Here's a pointer, don't go to con unless you have extra spending cash or else it will suck.


----------



## Summer (Apr 20, 2013)

I thank you very much for the suggestion, I know you mean well. So I hope you don't take this the wrong way. 
Problem is things are not going to be getting much better around here it they do at all. They have only been getting worse so far since Lyme disease further reduced my ability to work. 
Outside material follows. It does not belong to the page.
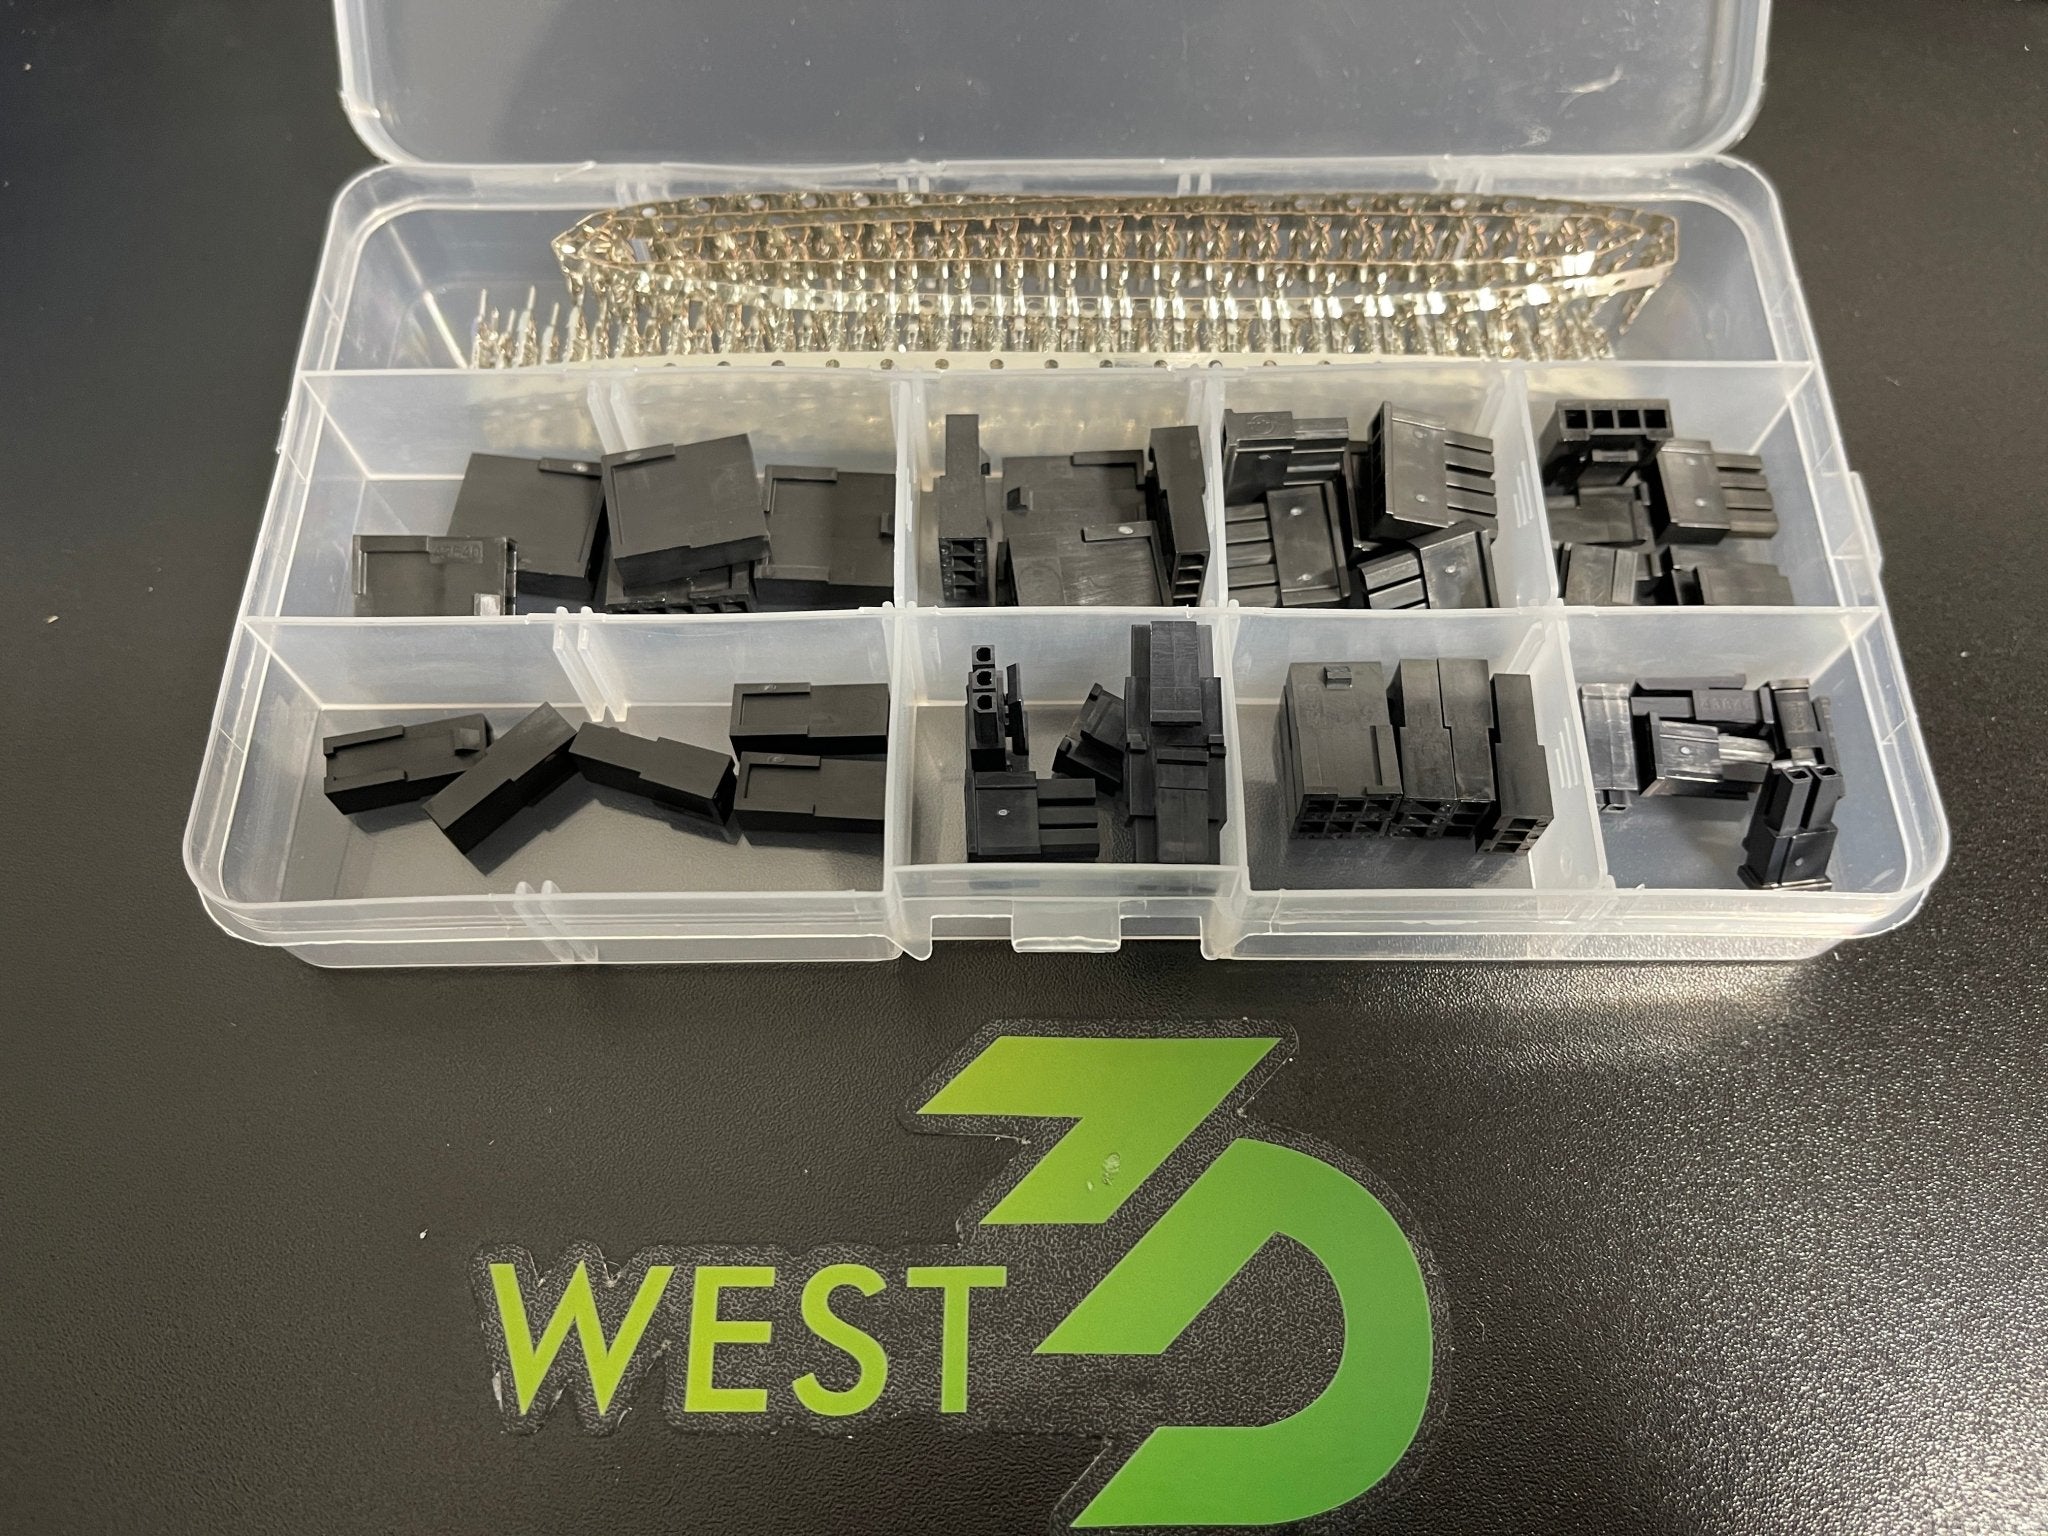 Genuine Molex 230pcs Microfit 3.0 2p/3p/4p/5p male/female connector (4*2*5) crimp terminal (2*95)connector kits Micro Fit 3 - West3D Printing - Molex

I am really afraid if I wait for the ideal conditions of extra money to happen, I will continue to sit at home. Which has been having a negative impact on my mental health. 
This is why I've decided  that I need to work around the limitations of the restricted economy and work with the resources I've got by careful planning. 

I will do things like: offer to volunteer at the con to cut costs,  pack my own food/snacks in a cooler, try to carpool and try to find room-mates or stay in a hostel. Also I have a habit of bathing excessively and hate my own body odors( we're talking unhealthy addiction level here) so nobody has to worry about that part , which I know is a concern some may have when someone mentions they don't have a lot of income to work with.


----------



## Nashida (Apr 22, 2013)

I know I plan on going. It happens right after I return to the States from China, and a friend and I planned on going as a kind of "hurrah, she's back" kind of thing. It's also going to be where I debut my new suit.


----------



## Fox_720B (Apr 30, 2013)

Do you have any pictures of your new suit nashida?


----------



## Nashida (May 1, 2013)

None yet, it's still being worked on (actually the builder hasn't started it yet but I told her I needed it done for the first week of Oct., and she has a 2-month turnaround on fullsuits so I'm not too worried).

I did just book my hotel room and get my registration done..badge name is going to be the same as my forum name so it should be easy to find me. If anyone's looking to get a room, do so soon. The main hotel and the overflow across the street are fully booked. I ended up going to a Super 8 that's less than half a mile from the con.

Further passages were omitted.